WORK TASK
Which lines to output? The line containing "Titre : Notre Dame et les ponts" and every line after it in the data below, each copied exactly.

SUPPLIED MATERIAL
━━━━━━━━━━━━━━━━━━━━

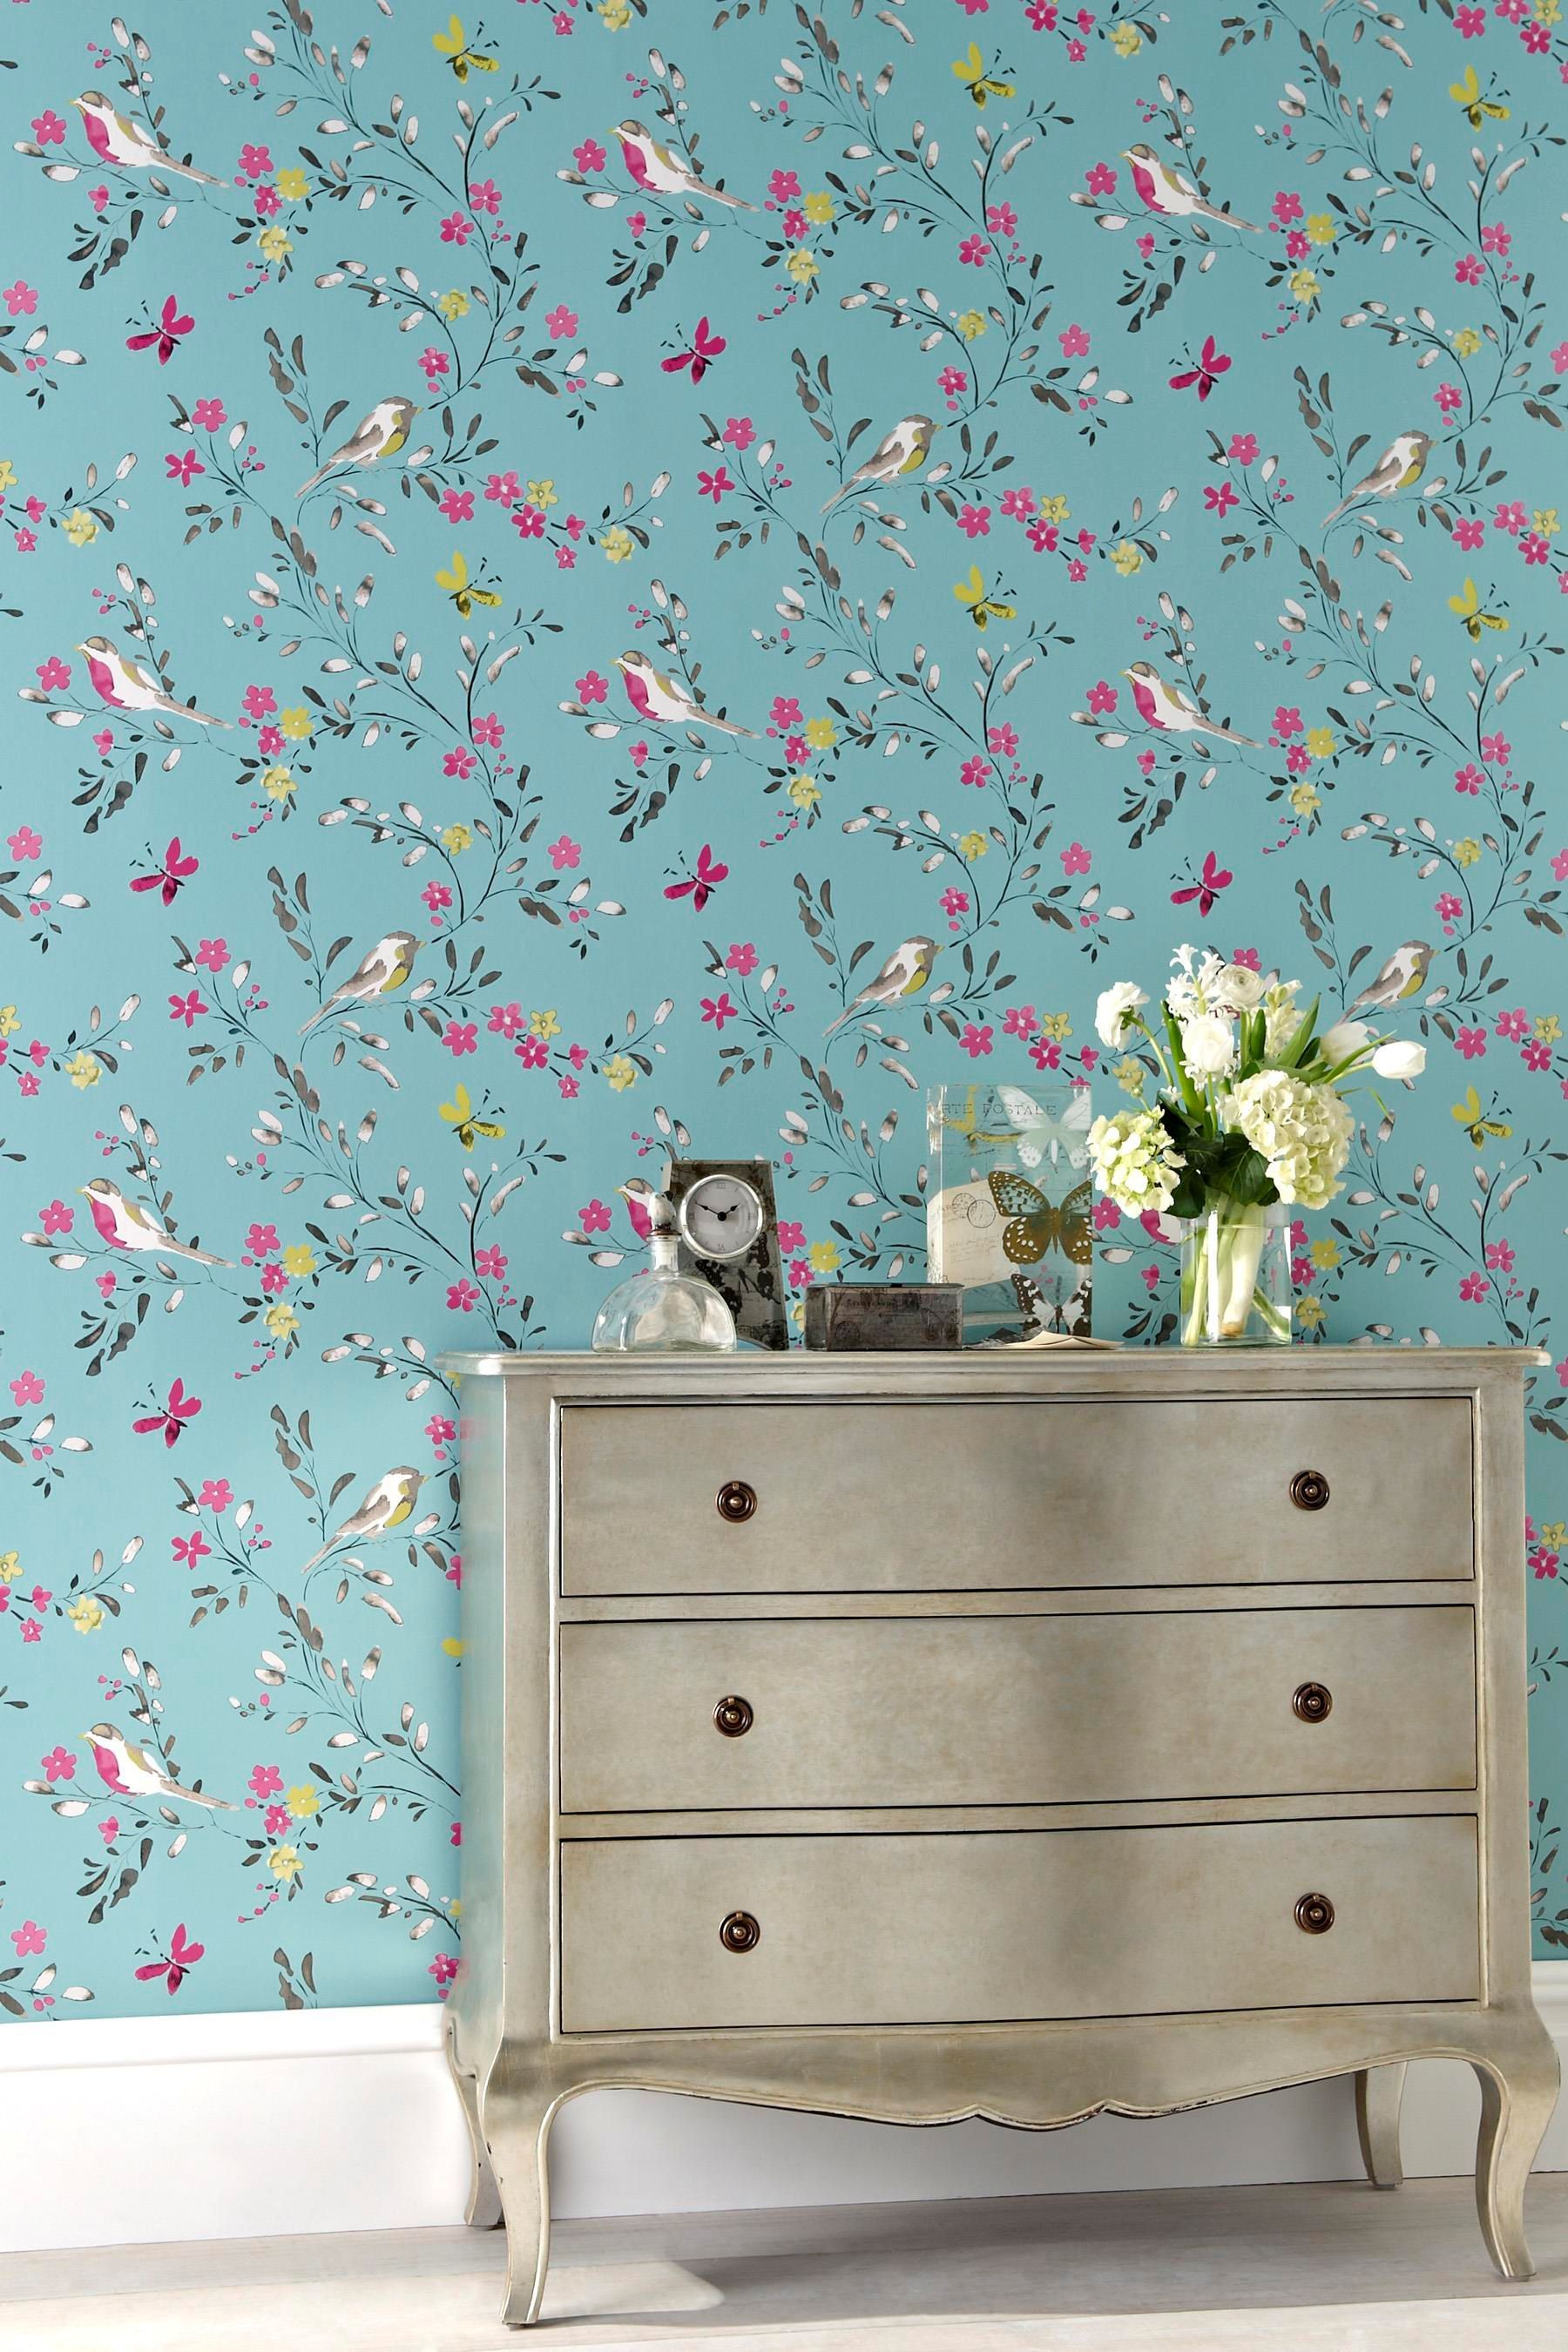 teal bird wallpaper,chest of drawers,wallpaper,wall,dresser,furniture
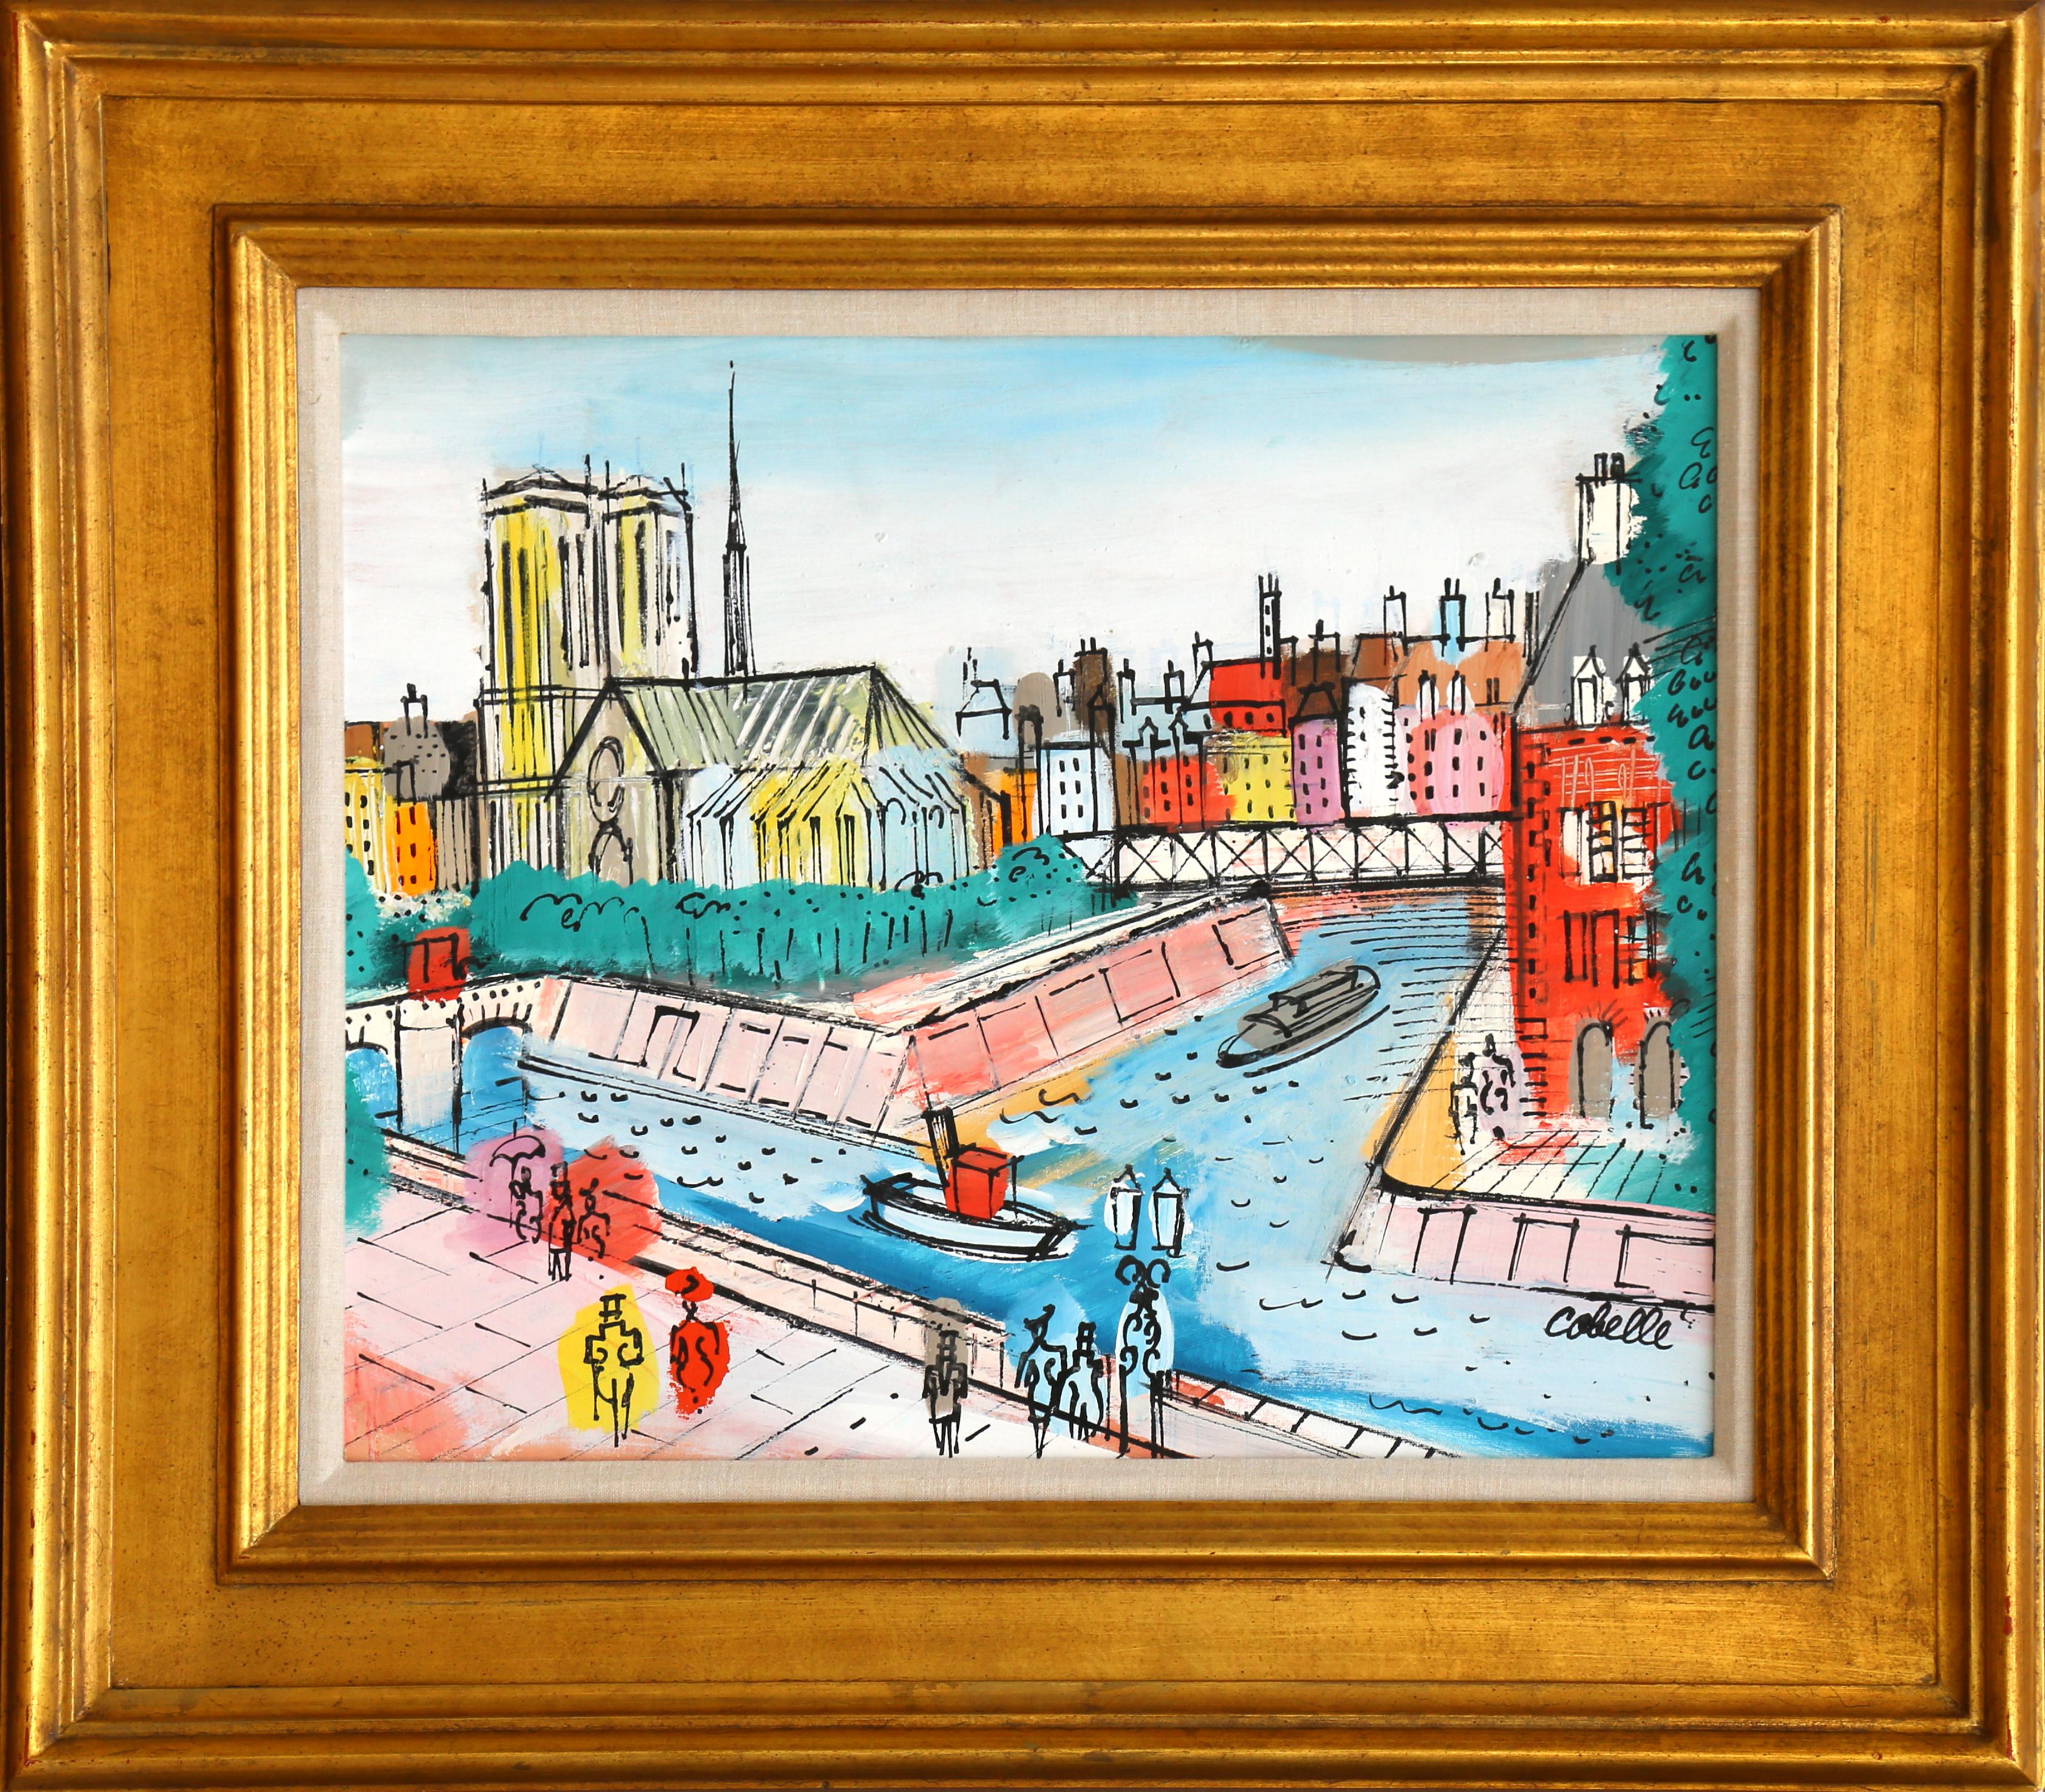 Artistics : Charles Cobelle, Français (1902 - 1994)
Titre : Notre Dame et les ponts
Année : vers 1960
Médium : Acrylique sur toile, signée à gauche.
Taille : 60,96 x 76,2 cm (24 x 30 in.)
Cadre : 29.5 x 34 pouces

━━━━━━━━━━━━━━━━━━━━

YOUR RESPONSE
Titre : Notre Dame et les ponts
Année : vers 1960
Médium : Acrylique sur toile, signée à gauche.
Taille : 60,96 x 76,2 cm (24 x 30 in.)
Cadre : 29.5 x 34 pouces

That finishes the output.